Published on January 19, 2016

Crowdsourcing and policy making

Citizens & science NHS Citizen Open government People & participation Sciencewise Scotland

By Simon Burall

Simon Burall is a Senior Associate of Involve. He has extensive experience in the fields of democratic reform, governance, public participation, stakeholder engagement, and accountability and transparency.

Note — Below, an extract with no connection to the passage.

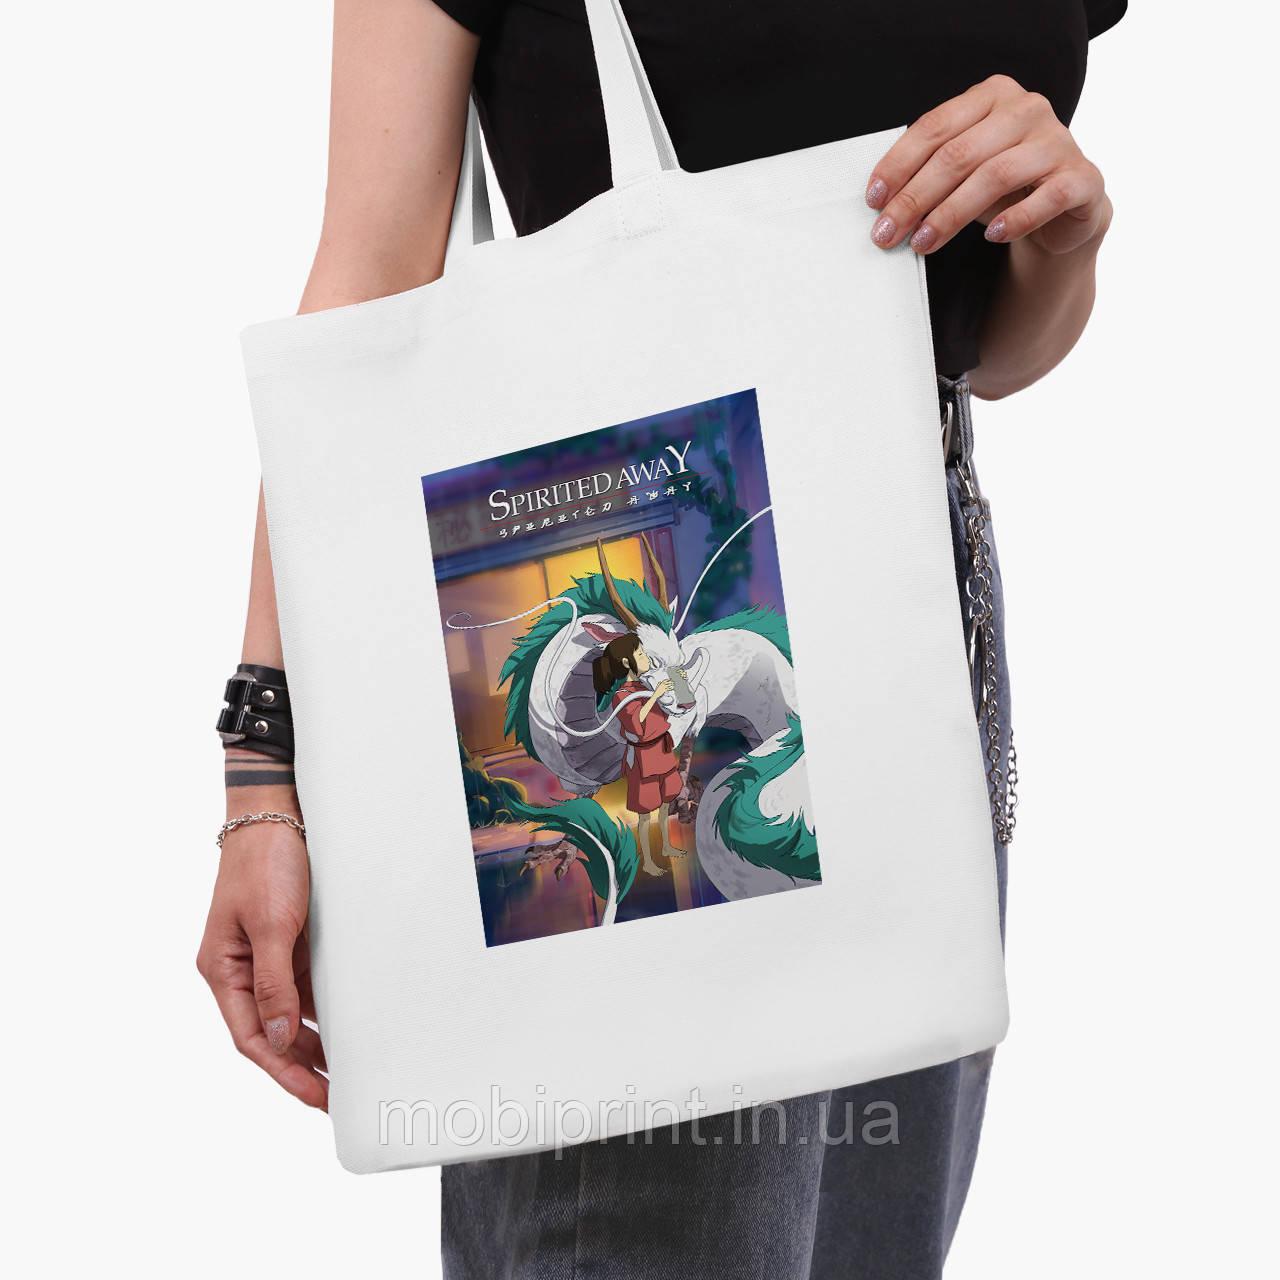 Эко сумка шоппер белая Тихиро Огино Сэн и Хаку Унесённые призраками (Spirited Away) (9227-2829-3)  41*35 см
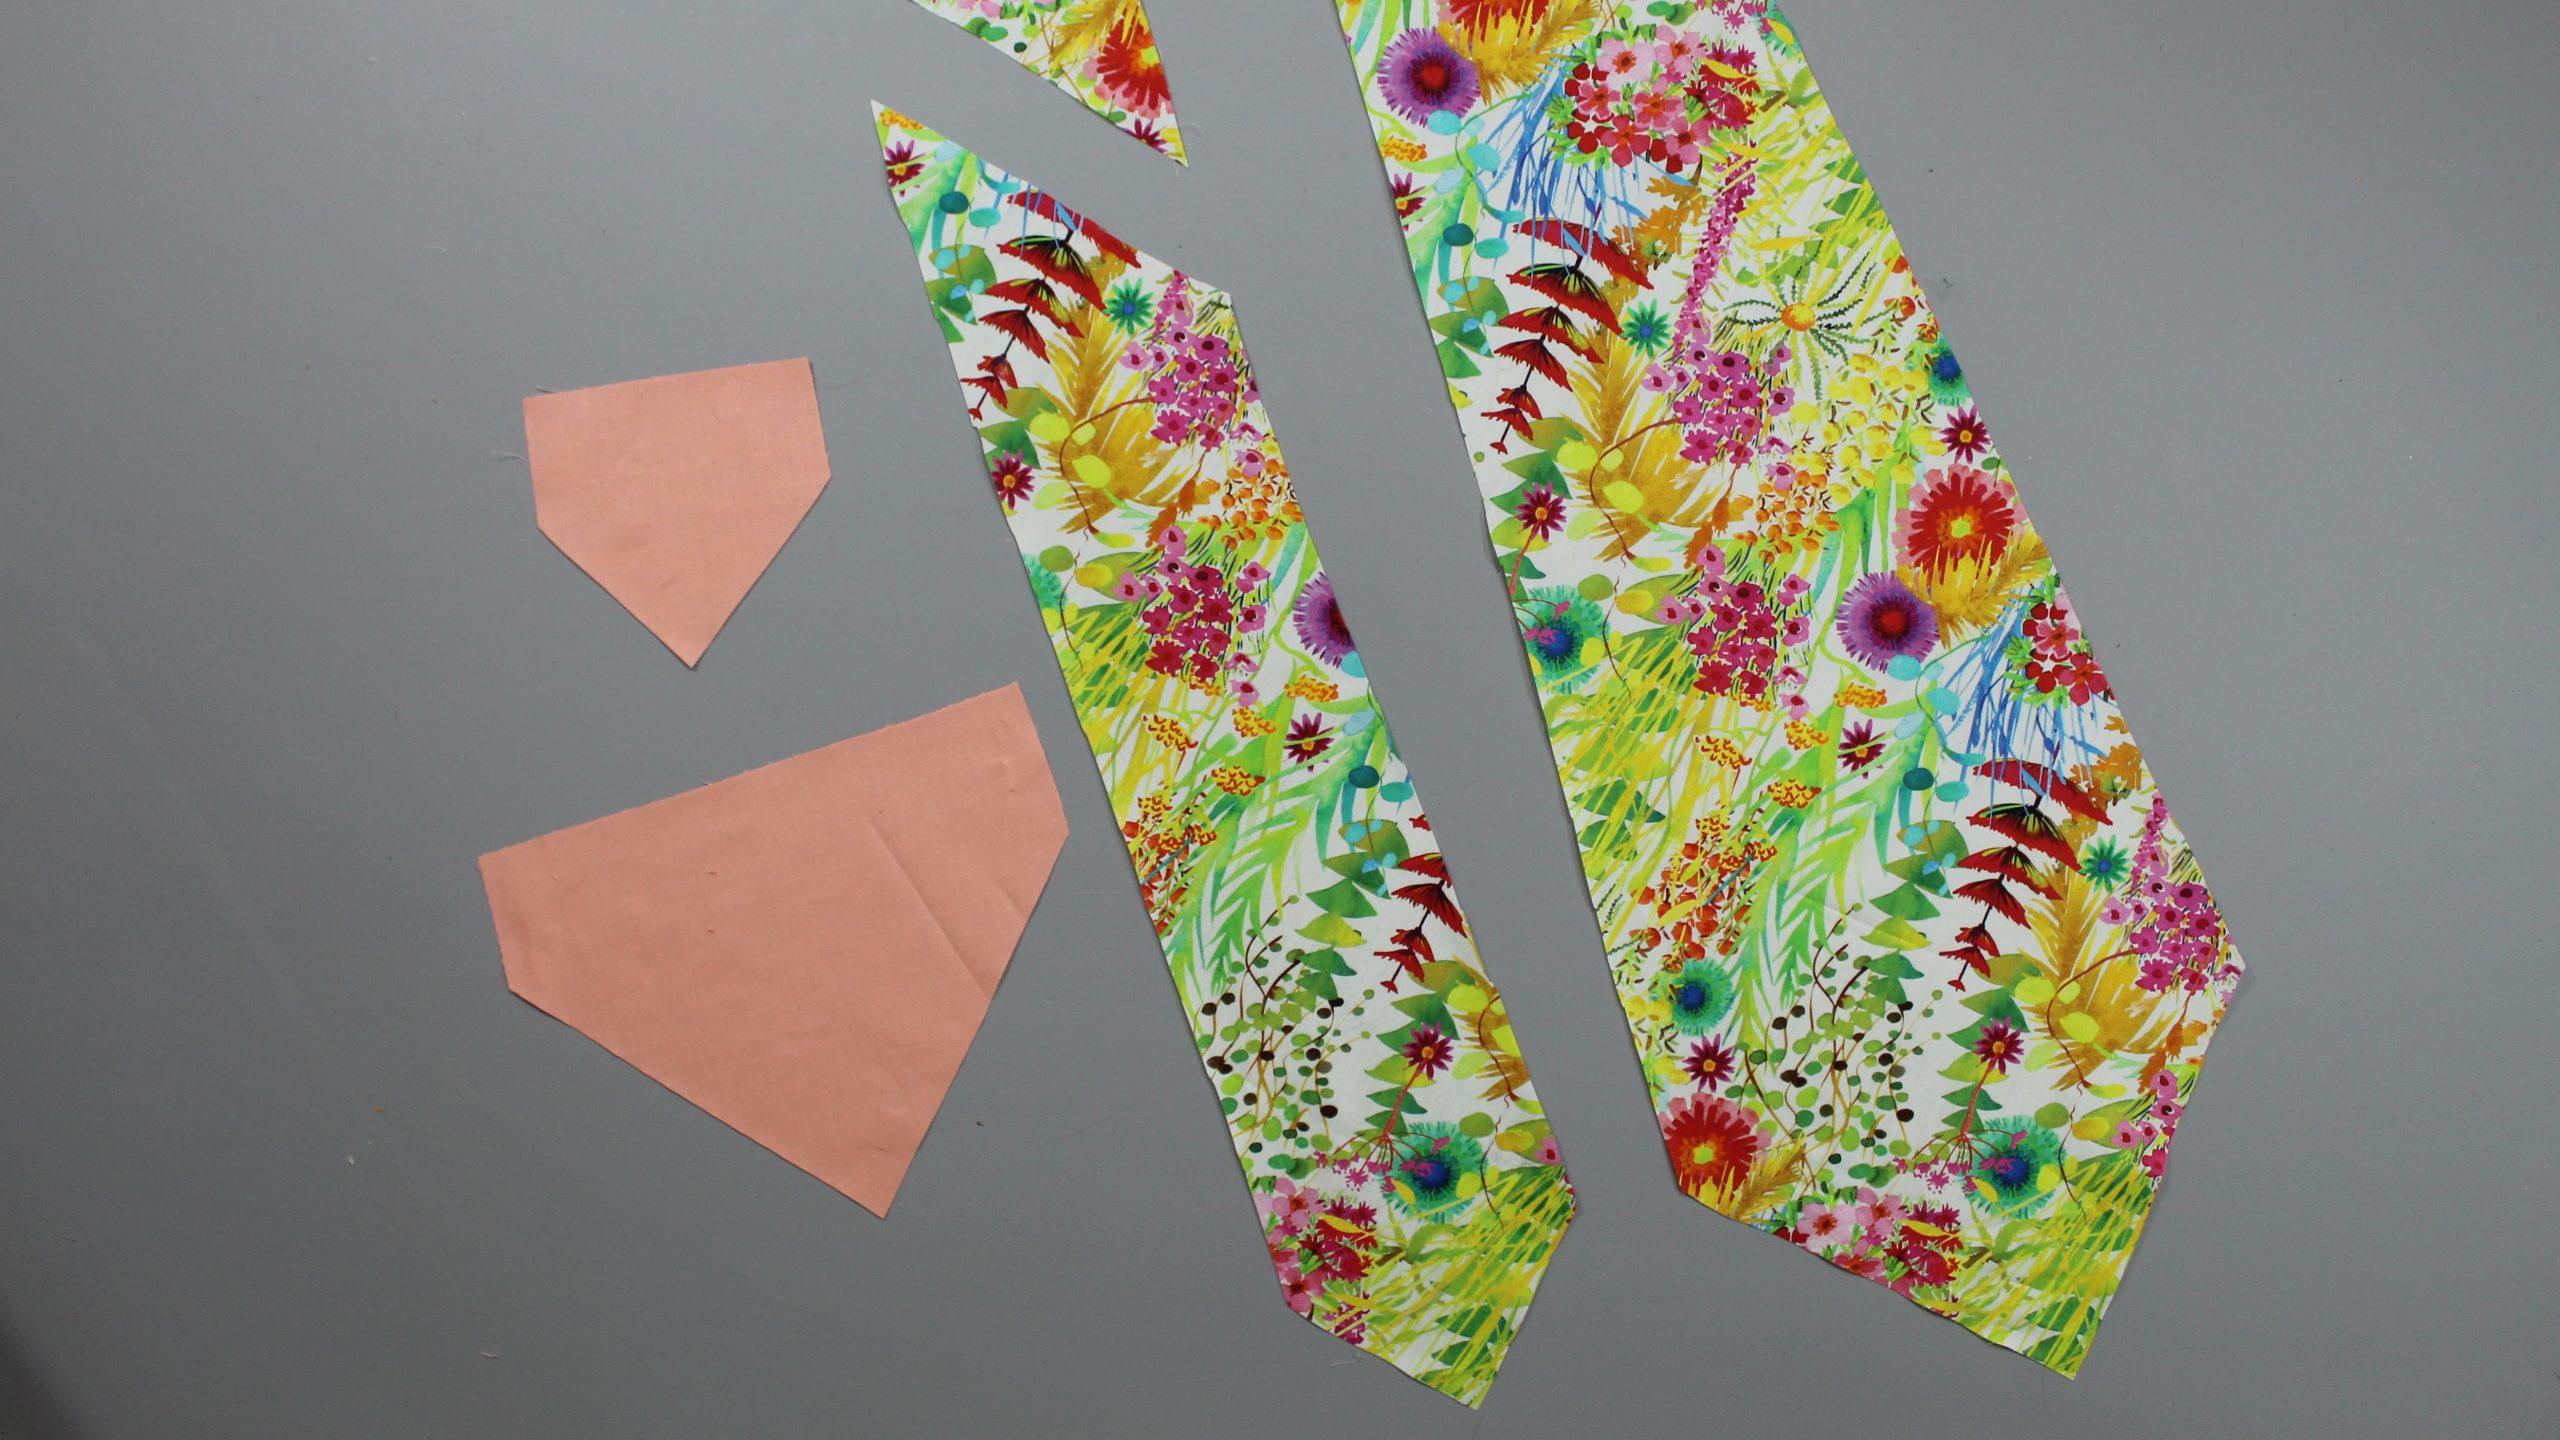 Tie fabric pieces

This paper shows how the two virtues of collective intelligence – cognitive diversity and large crowds – turn into perils in crowdsourced policymaking. That is because of a conflict between the logic of the crowds and the logic of policymaking. The crowd’s logic differs from that of traditional policymaking in several aspects. To mention some of those: In traditional policymaking it is a small group of experts making proposals to the policy, whereas in crowdsourced policymaking, it is a large, anonymous crowd with a mixed level of expertise. The crowd proposes atomic ideas, whereas traditional policymaking is used to dealing with holistic and synthesized proposals. By drawing on data from a crowdsourced law-making process in Finland, the paper shows how the logics of the crowds and policymaking collide in practice. The conflict prevents policymaking fully benefiting from the crowd’s input, and it also hinders governments from adopting crowdsourcing more widely as a practice for deploying open policymaking practices.”